_Aim of the exercise_.
Images in the data are to be skipped, while every line is restated exactly as written.

_Data shown_.

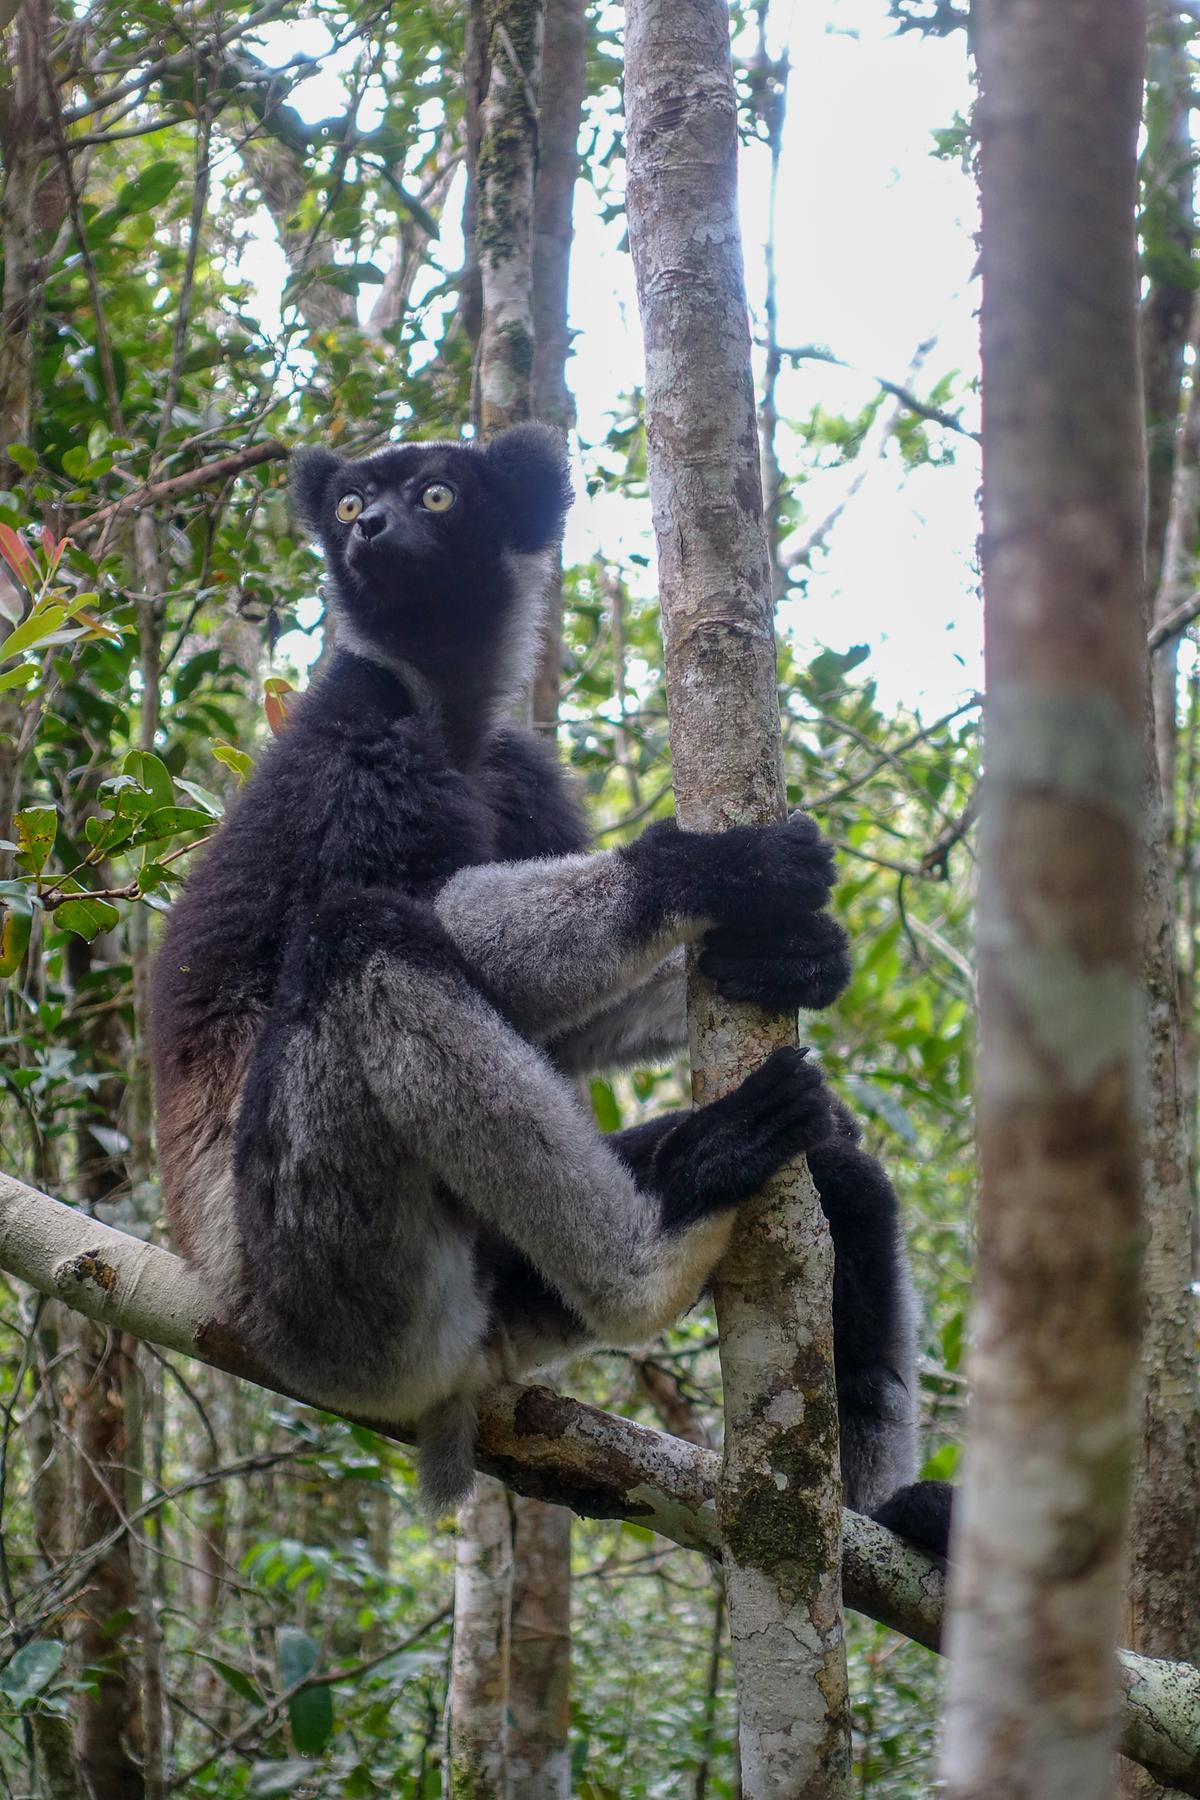 Ein großer Lemur sitzt auf einem Ast und hält sich mit Vorder- und Hinterpfoten an einem dünnen Baumstamm fest. Seine runden Augen sind bernsteinfarben, das Fell im Gesicht schwarz.
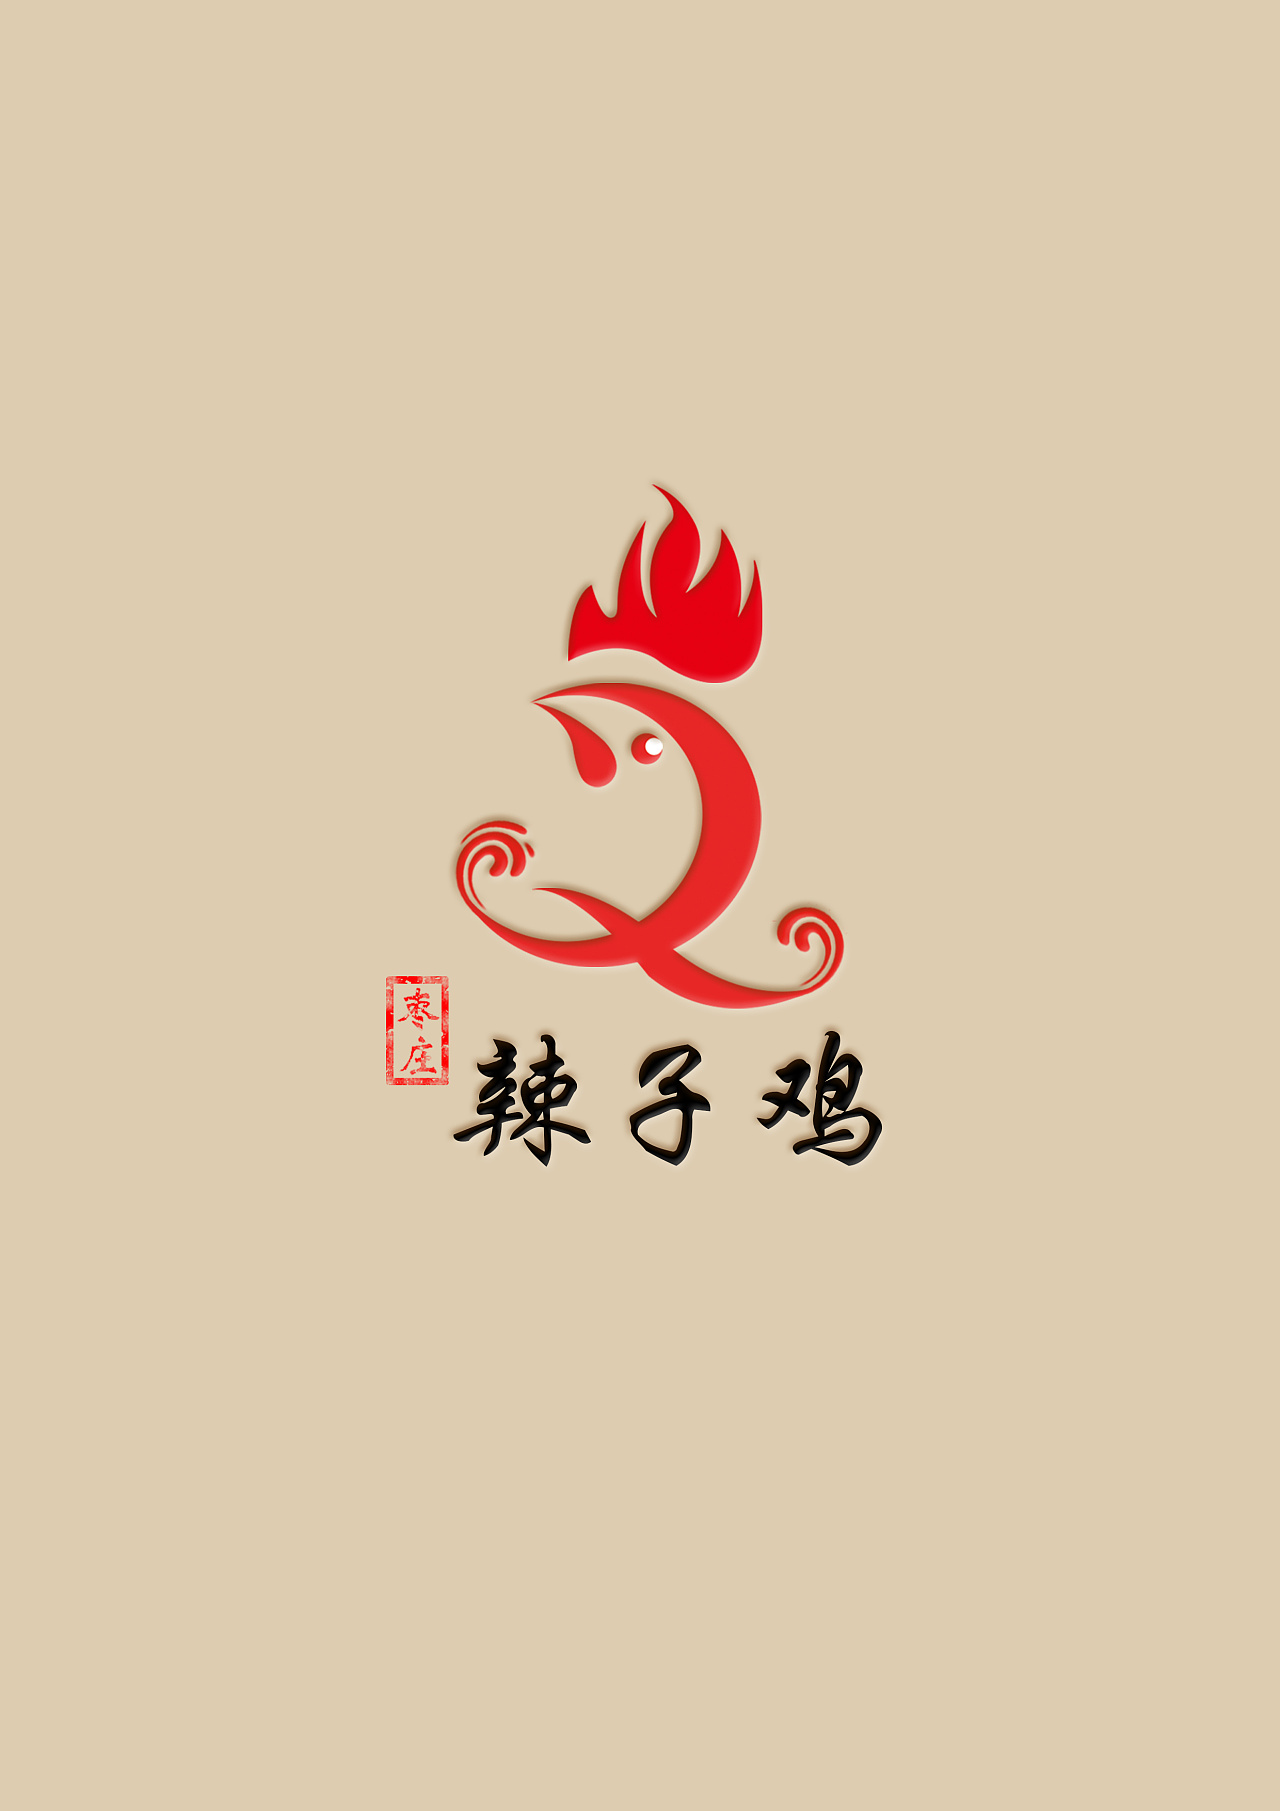 山东枣庄辣子鸡logo
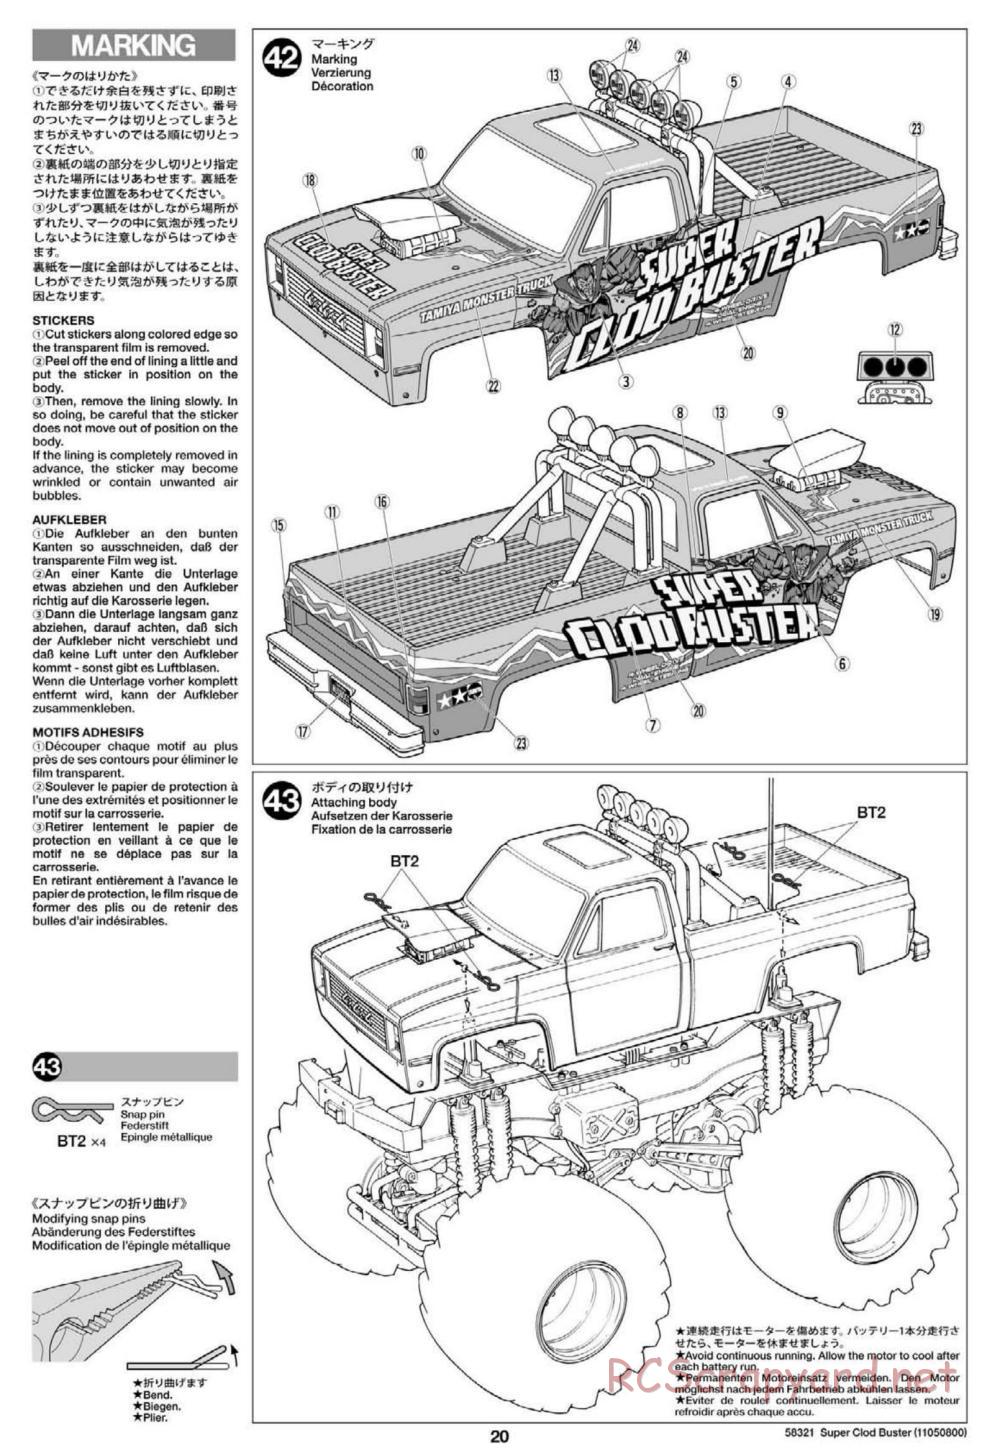 Tamiya - Super Clod Buster Chassis - Manual - Page 20
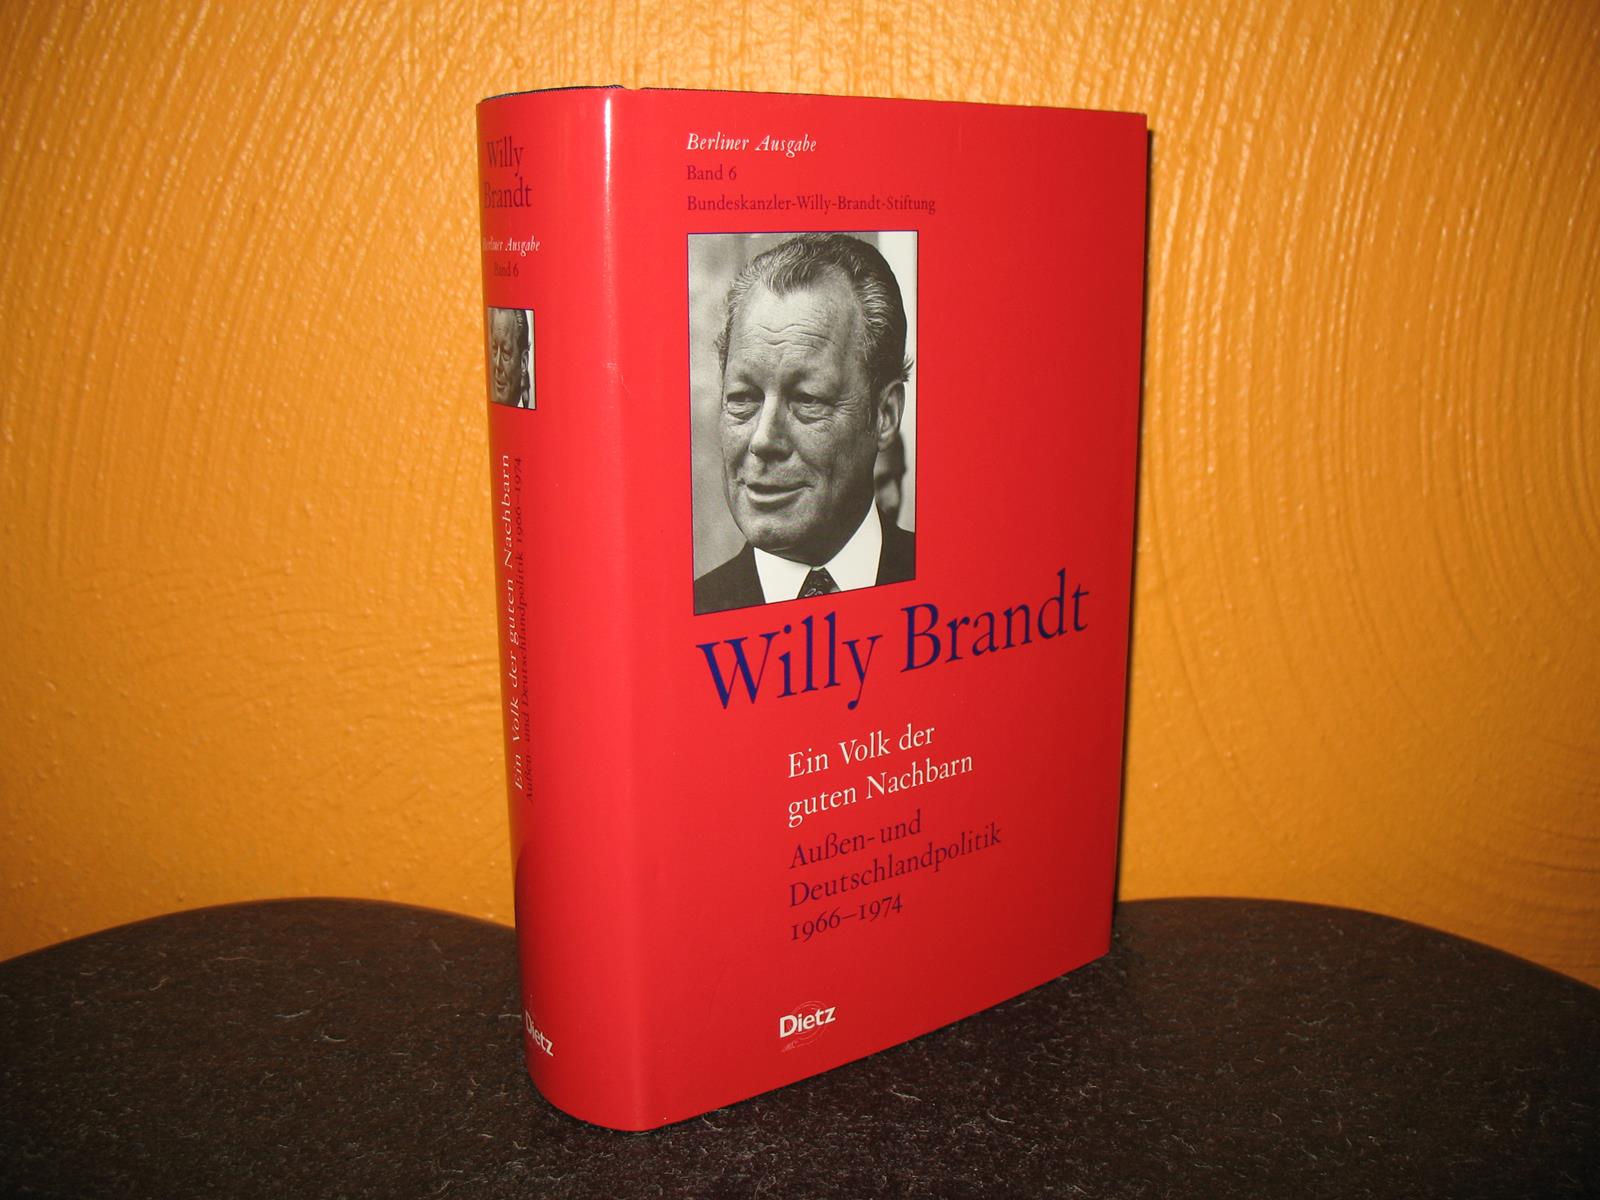 Ein Volk der guten Nachbarn: Außen- und Deutschlandpolitik 1966 - 1974. Bearb. von Frank Fischer; Berliner Ausgabe: Band 6; - Brandt, Willy

_Finished task_.
 Ein großer Lemur sitzt auf einem Ast und hält sich mit Vorder- und Hinterpfoten an einem dünnen Baumstamm fest. Seine runden Augen sind bernsteinfarben, das Fell im Gesicht schwarz.
 山东枣庄辣子鸡logo
 Tamiya - Super Clod Buster Chassis - Manual - Page 20
 Ein Volk der guten Nachbarn: Außen- und Deutschlandpolitik 1966 - 1974. Bearb. von Frank Fischer; Berliner Ausgabe: Band 6; - Brandt, Willy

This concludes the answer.